Copy word for word, please, the lines of the entries below running from the one containing "YouTube Video Franz" to the one containing "Nautica Voyage Sport", both ends included.

Records excerpted from a collection:
::::::::::
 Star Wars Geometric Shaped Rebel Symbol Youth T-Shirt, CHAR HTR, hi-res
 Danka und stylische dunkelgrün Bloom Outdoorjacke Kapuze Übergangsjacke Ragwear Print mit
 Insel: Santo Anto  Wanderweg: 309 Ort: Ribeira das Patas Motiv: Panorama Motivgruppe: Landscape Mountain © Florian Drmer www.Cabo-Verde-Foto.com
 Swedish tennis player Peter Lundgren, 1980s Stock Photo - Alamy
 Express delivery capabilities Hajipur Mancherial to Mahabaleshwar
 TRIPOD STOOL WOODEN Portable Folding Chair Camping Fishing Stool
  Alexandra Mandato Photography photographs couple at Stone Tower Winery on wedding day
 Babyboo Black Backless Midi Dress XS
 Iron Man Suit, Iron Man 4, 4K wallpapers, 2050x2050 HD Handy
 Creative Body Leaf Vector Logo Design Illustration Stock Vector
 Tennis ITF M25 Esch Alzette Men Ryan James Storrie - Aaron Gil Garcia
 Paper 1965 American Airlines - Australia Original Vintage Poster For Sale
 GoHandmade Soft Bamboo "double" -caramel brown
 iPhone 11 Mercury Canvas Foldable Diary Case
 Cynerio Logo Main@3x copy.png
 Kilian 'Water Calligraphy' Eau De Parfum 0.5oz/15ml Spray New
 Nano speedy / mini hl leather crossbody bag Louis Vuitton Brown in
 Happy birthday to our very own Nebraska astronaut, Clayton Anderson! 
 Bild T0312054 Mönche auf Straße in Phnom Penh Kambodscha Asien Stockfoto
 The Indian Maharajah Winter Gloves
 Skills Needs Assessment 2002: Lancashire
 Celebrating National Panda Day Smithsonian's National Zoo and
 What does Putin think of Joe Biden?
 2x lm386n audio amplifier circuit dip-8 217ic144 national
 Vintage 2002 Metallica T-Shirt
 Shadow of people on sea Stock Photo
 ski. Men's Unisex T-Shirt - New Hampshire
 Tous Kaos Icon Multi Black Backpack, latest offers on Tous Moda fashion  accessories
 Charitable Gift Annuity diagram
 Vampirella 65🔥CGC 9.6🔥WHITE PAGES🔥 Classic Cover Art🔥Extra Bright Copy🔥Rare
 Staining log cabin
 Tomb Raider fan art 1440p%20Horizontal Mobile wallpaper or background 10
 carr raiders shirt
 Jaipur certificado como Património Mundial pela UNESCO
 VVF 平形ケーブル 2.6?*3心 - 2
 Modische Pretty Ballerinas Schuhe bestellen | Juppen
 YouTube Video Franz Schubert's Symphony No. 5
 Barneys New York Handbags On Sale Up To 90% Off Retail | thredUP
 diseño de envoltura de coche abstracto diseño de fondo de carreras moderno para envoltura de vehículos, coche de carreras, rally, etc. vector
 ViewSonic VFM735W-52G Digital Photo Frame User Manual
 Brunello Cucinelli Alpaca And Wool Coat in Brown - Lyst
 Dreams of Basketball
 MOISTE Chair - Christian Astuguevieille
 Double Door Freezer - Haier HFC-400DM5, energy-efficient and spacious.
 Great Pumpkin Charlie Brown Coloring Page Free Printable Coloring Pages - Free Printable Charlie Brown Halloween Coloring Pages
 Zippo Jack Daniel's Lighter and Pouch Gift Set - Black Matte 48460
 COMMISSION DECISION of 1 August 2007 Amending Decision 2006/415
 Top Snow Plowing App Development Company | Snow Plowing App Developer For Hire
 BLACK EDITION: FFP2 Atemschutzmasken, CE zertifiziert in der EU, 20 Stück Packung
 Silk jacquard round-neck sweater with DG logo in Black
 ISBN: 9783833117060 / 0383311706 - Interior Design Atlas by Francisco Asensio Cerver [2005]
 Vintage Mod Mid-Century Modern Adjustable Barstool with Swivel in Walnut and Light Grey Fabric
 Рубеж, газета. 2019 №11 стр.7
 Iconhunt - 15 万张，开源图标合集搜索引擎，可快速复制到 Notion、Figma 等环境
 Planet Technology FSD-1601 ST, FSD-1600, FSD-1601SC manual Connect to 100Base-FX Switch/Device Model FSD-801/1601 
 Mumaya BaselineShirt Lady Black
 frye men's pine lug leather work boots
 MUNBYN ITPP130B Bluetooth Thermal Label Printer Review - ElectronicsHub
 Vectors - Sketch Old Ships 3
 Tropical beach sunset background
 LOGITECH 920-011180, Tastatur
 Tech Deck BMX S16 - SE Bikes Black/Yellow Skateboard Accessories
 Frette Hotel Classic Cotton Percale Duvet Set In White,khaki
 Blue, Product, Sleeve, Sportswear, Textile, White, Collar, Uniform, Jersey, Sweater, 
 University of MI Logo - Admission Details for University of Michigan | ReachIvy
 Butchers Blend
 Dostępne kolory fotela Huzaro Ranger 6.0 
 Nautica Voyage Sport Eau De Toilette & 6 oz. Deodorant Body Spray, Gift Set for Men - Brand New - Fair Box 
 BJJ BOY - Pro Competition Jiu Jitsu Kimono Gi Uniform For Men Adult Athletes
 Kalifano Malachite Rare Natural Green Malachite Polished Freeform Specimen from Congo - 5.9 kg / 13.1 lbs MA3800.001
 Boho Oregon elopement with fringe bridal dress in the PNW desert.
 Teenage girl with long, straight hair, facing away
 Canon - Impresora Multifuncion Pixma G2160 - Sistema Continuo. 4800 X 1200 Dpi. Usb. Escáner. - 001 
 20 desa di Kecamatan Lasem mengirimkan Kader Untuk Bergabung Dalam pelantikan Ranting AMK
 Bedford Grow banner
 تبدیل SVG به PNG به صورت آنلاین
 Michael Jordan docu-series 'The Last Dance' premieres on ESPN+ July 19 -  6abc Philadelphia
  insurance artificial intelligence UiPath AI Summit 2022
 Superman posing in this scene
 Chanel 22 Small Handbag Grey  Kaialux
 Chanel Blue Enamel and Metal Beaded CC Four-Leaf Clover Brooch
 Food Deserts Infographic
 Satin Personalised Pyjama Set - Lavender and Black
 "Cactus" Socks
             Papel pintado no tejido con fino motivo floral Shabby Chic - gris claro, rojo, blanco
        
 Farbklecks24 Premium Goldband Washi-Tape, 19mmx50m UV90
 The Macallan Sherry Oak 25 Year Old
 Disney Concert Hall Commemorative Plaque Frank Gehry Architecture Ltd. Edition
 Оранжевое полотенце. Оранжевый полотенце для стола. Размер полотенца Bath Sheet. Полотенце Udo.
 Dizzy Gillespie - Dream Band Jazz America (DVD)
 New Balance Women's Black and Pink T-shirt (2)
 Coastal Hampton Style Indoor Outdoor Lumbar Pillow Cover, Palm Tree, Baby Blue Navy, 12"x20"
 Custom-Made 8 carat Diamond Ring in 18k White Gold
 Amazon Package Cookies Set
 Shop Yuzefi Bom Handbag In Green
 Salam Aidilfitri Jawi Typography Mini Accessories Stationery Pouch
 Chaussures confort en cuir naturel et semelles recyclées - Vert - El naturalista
::::::::::
● WRITTEN SOLUTION
 YouTube Video Franz Schubert's Symphony No. 5
 Barneys New York Handbags On Sale Up To 90% Off Retail | thredUP
 diseño de envoltura de coche abstracto diseño de fondo de carreras moderno para envoltura de vehículos, coche de carreras, rally, etc. vector
 ViewSonic VFM735W-52G Digital Photo Frame User Manual
 Brunello Cucinelli Alpaca And Wool Coat in Brown - Lyst
 Dreams of Basketball
 MOISTE Chair - Christian Astuguevieille
 Double Door Freezer - Haier HFC-400DM5, energy-efficient and spacious.
 Great Pumpkin Charlie Brown Coloring Page Free Printable Coloring Pages - Free Printable Charlie Brown Halloween Coloring Pages
 Zippo Jack Daniel's Lighter and Pouch Gift Set - Black Matte 48460
 COMMISSION DECISION of 1 August 2007 Amending Decision 2006/415
 Top Snow Plowing App Development Company | Snow Plowing App Developer For Hire
 BLACK EDITION: FFP2 Atemschutzmasken, CE zertifiziert in der EU, 20 Stück Packung
 Silk jacquard round-neck sweater with DG logo in Black
 ISBN: 9783833117060 / 0383311706 - Interior Design Atlas by Francisco Asensio Cerver [2005]
 Vintage Mod Mid-Century Modern Adjustable Barstool with Swivel in Walnut and Light Grey Fabric
 Рубеж, газета. 2019 №11 стр.7
 Iconhunt - 15 万张，开源图标合集搜索引擎，可快速复制到 Notion、Figma 等环境
 Planet Technology FSD-1601 ST, FSD-1600, FSD-1601SC manual Connect to 100Base-FX Switch/Device Model FSD-801/1601 
 Mumaya BaselineShirt Lady Black
 frye men's pine lug leather work boots
 MUNBYN ITPP130B Bluetooth Thermal Label Printer Review - ElectronicsHub
 Vectors - Sketch Old Ships 3
 Tropical beach sunset background
 LOGITECH 920-011180, Tastatur
 Tech Deck BMX S16 - SE Bikes Black/Yellow Skateboard Accessories
 Frette Hotel Classic Cotton Percale Duvet Set In White,khaki
 Blue, Product, Sleeve, Sportswear, Textile, White, Collar, Uniform, Jersey, Sweater, 
 University of MI Logo - Admission Details for University of Michigan | ReachIvy
 Butchers Blend
 Dostępne kolory fotela Huzaro Ranger 6.0 
 Nautica Voyage Sport Eau De Toilette & 6 oz. Deodorant Body Spray, Gift Set for Men - Brand New - Fair Box 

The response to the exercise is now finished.